I now have two post-repaired D800 bodies. The first one was repaired approximately one day prior to when "Repair SC 201117" started appearing on repair invoices, and the second one has that code on its invoice. Regardless of whatever change that was, the result is the same: Both cameras started out life with the "left AF issue" in which the left point was just way out compared to center and right. After repair, they both have the more vexing problem left over, in which any of the outer points (left or right) require a significantly more negative AF Fine Tune setting to attain their proper focus. What distinguishes the two issues is that in the "left" issue the left point is usually so far out of initial calibration that the AF Fine Tune setting cannot bring it back into focus; whereas in the second issue you can attain correct focus at any AF point, though you need a different AF Fine Tune setting for each point (which is not user definable). Secondarily, the "repair" can actually worsen the right side performance, as the remaining issue is more balanced across both sides.

Nikon has blamed the initial "left" issue on bad calibration data in the assembly process. On the other hand, they have given no official explanation for why they have not bothered to equip this camera with software that can support the D800's extremely good hardware capabilities. It is extremely easy to show that any of the outer AF points on my D800 bodies can achieve extremely consistent and accurate focus with any reasonable type of target (Leonard approved or otherwise).

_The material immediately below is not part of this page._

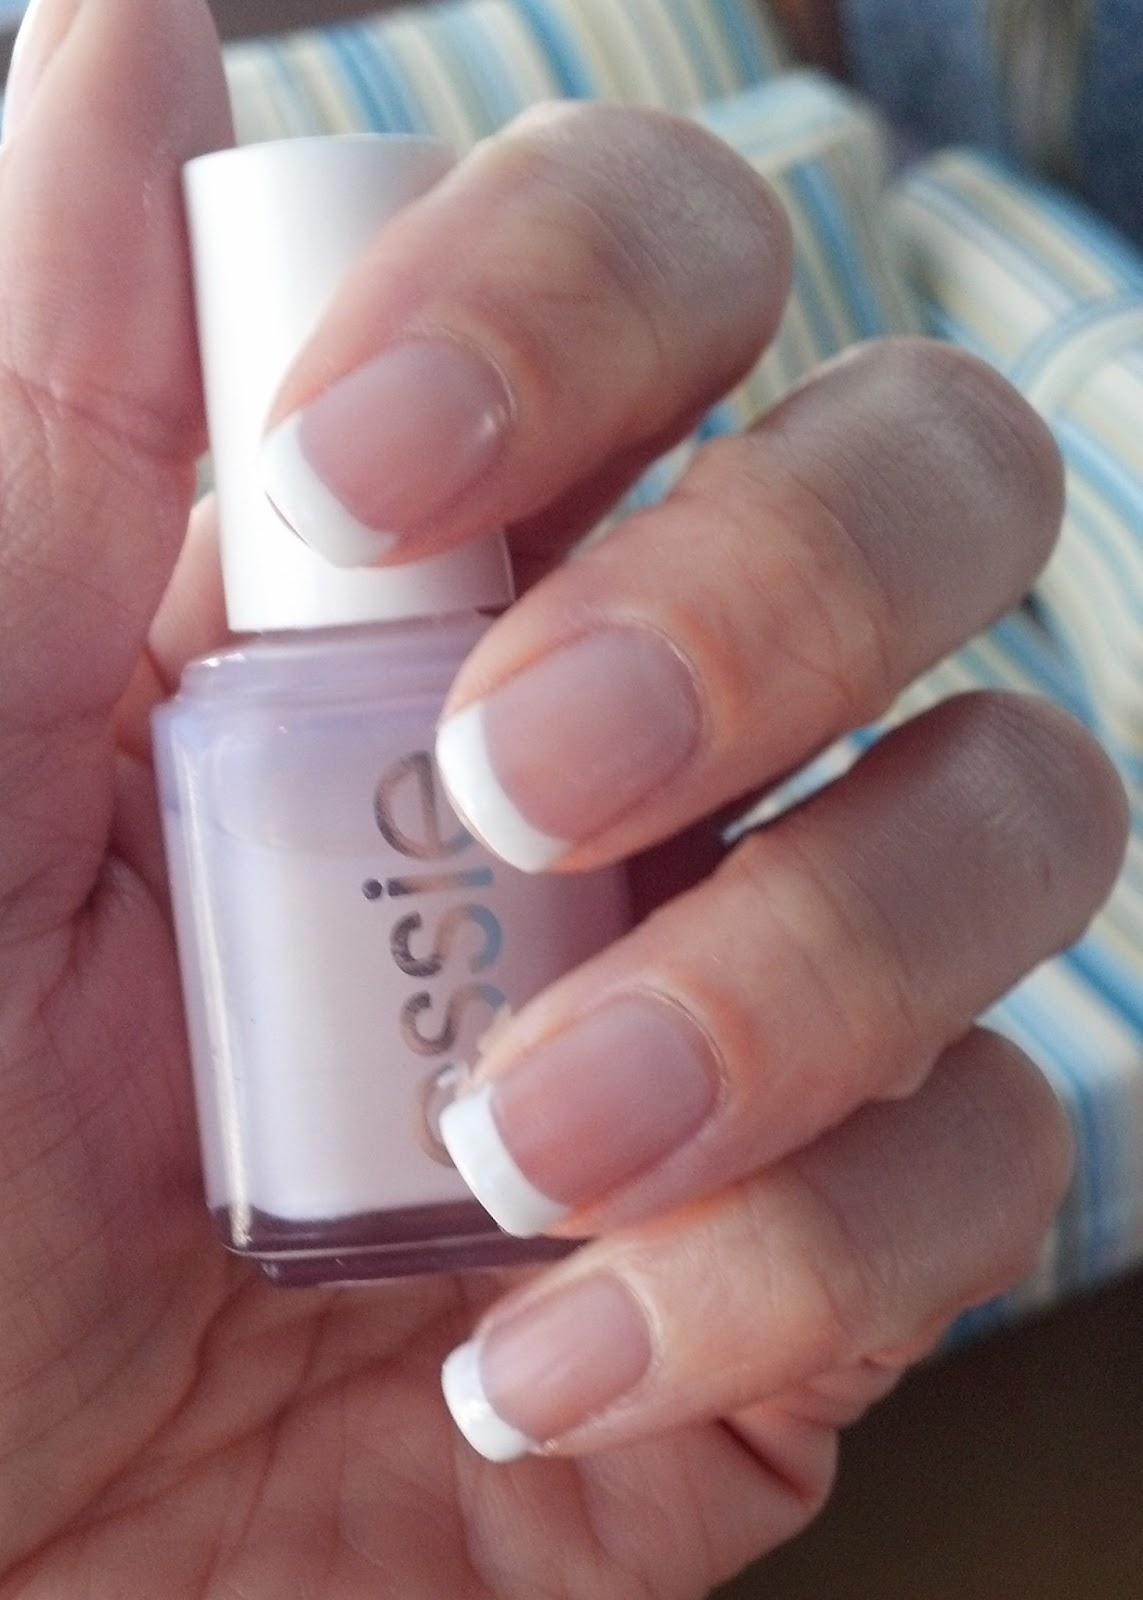 PraiseTheGlaze: French Manicure with Essie Beam Up & OPI Alpine Snow

Unfortunately, the outer AF points achieve this amazingly accurate focus only at a very different AF Fine Tune setting than does the center AF point. Thus this is clearly a software issue, in that they have not bothered to add enough depth into their camera firmware or calibration routines to compensate for this. I find that performance is absolutely worst with the 14-24 and 24-70 2.8G zooms, though the 70-200 has also been affected in actual usage, not just test charts. The 50/1.4G prime seems to have somewhat "flatter" results--perhaps no coincidence given that several Nikon employees (including one with whom I spoke last week) have acknowledged using the 50/1.4 during the calibration routine.

Is anyone else here noticing this besides me? Most of the chatter here has been about the "left" thing, and very little has been about the second issue I'm describing.

My contention is that Nikon owes us a software solution in this generation of camera body, not in some future body that is years away. This is really ridiculous. The camera has been de-featured relative to its advertised marketing claims in that you basically cannot use a large swath of your left/right focusing points.

It also remains unknown exactly how much calibration "depth" Nikon possesses at their service centers. It has been suggested that they can and do tune the AF points individually (a setting that is obviously not user accessible at present), but it is not known whether they can then correlate that with individual lenses. If they can, that would be great. On my second body's service ticket I actually noted that my "reference lens" was the 24-70, but of course they disregard that and tune with the 50/1.4G anyway. I am going to explore whether by special request to the office of David Dentry one might actually get their camera calibrated to match the 24-70. I am pretty sure that a body calibrated to the 24-70 would function OK with the 14-24, because their pattern of bad behavior is approximately the same. In the grand scheme of things, the 50/1.4G is not a hugely important lens to any kind of "event photography" professional, at least not so much as the 2.8G zooms are, so I find this emphasis on the 50/1.4G for calibration more than ironic.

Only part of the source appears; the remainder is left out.